## [Task item]
Starting at the line that contains "Wunderbar Kolibri Malvorlagen" and stopping at the line that contains "Cobertura Duplex de", transcribe every line of the material below exactly; pictures stay out.

## [Input data]
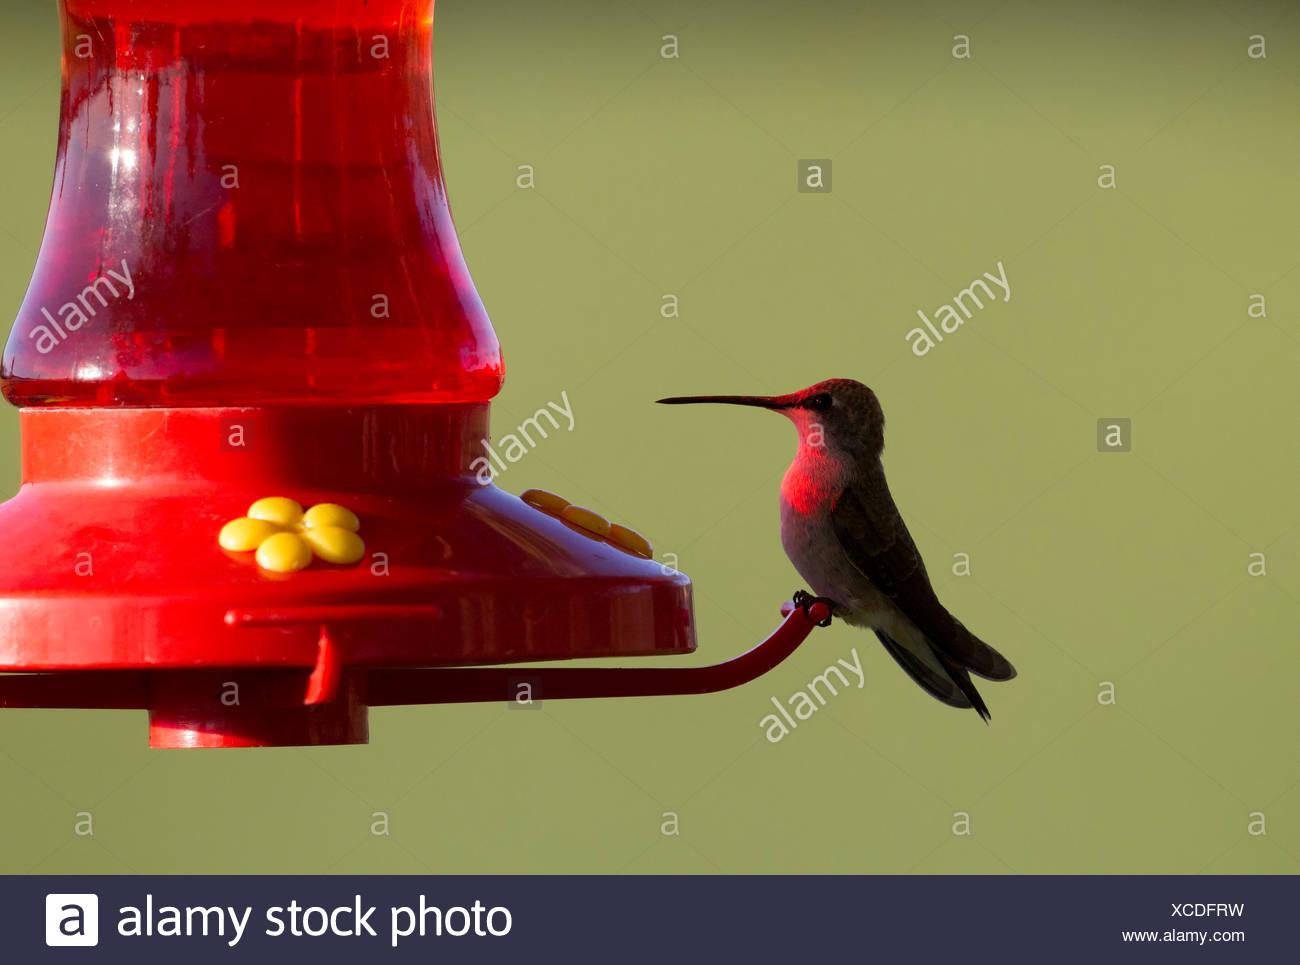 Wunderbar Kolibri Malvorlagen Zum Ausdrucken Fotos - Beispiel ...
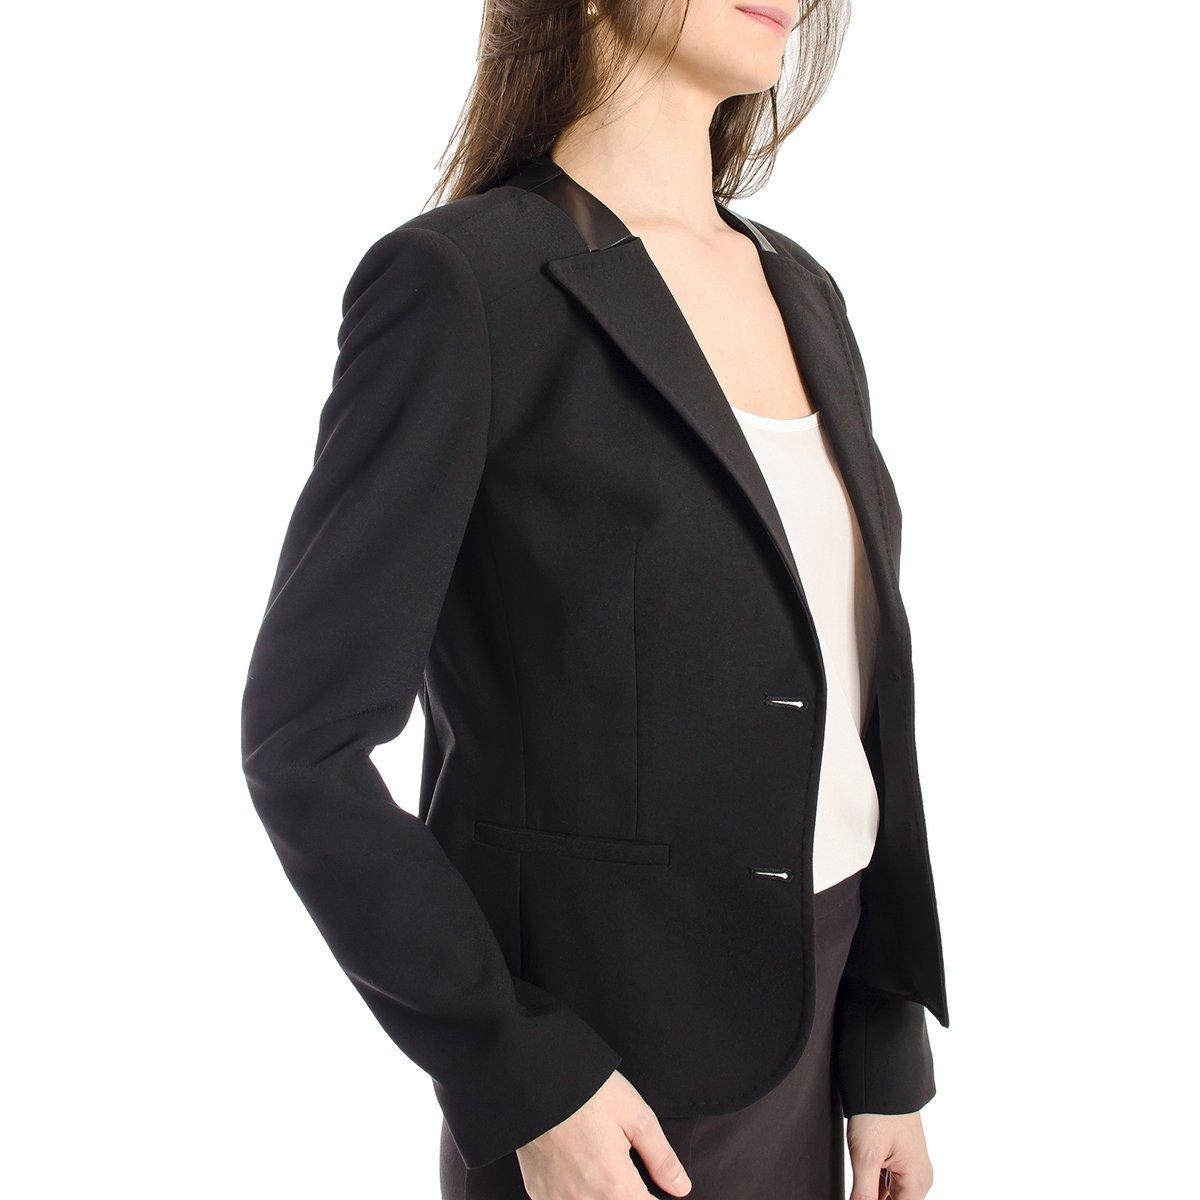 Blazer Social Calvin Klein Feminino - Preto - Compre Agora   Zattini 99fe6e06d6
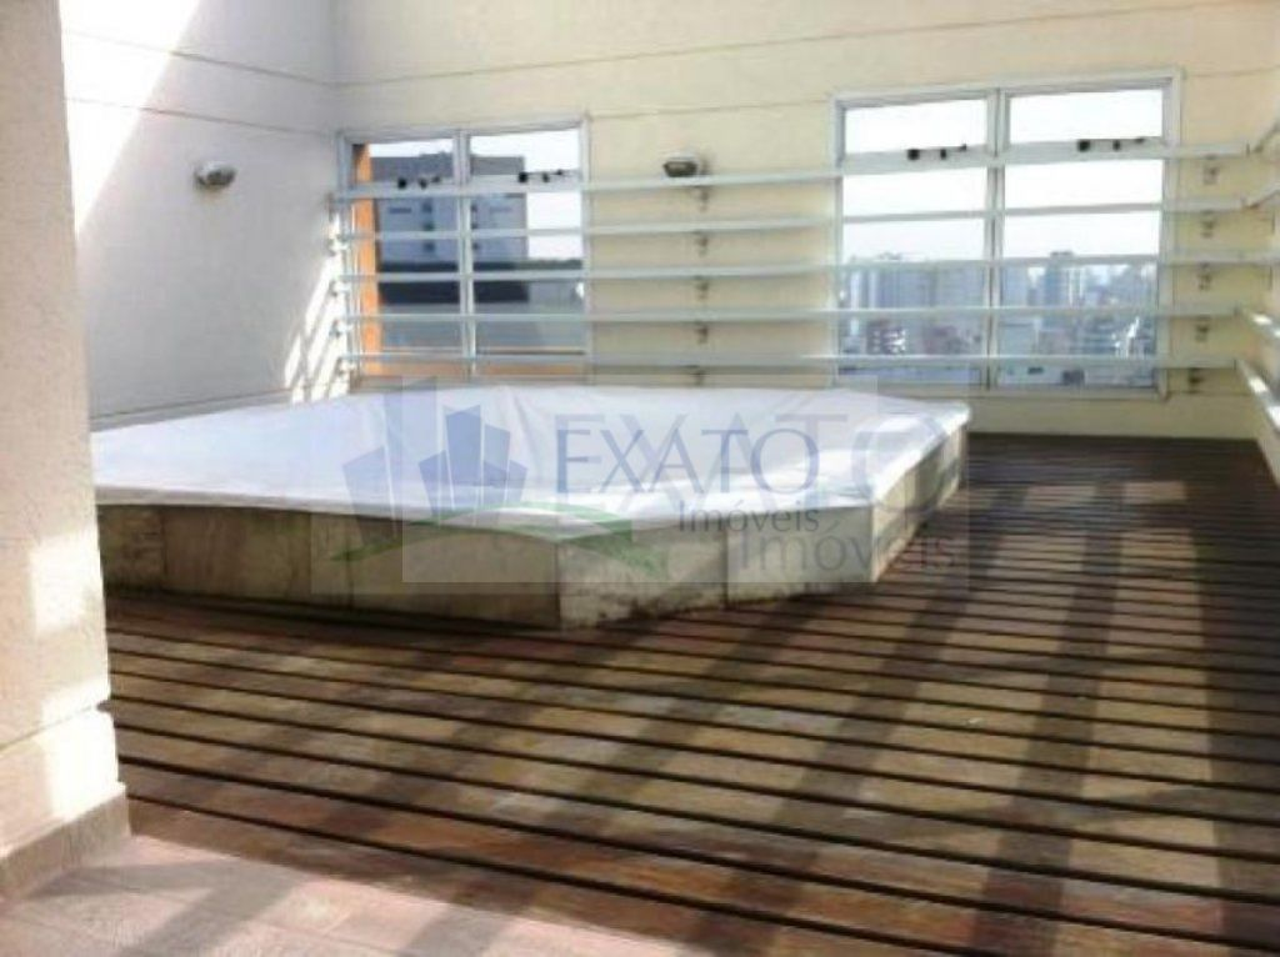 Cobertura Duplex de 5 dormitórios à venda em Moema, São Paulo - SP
* * *
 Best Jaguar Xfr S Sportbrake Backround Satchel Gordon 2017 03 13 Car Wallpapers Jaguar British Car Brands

## [Result]
 Wunderbar Kolibri Malvorlagen Zum Ausdrucken Fotos - Beispiel ...
 Blazer Social Calvin Klein Feminino - Preto - Compre Agora   Zattini 99fe6e06d6
 Cobertura Duplex de 5 dormitórios à venda em Moema, São Paulo - SP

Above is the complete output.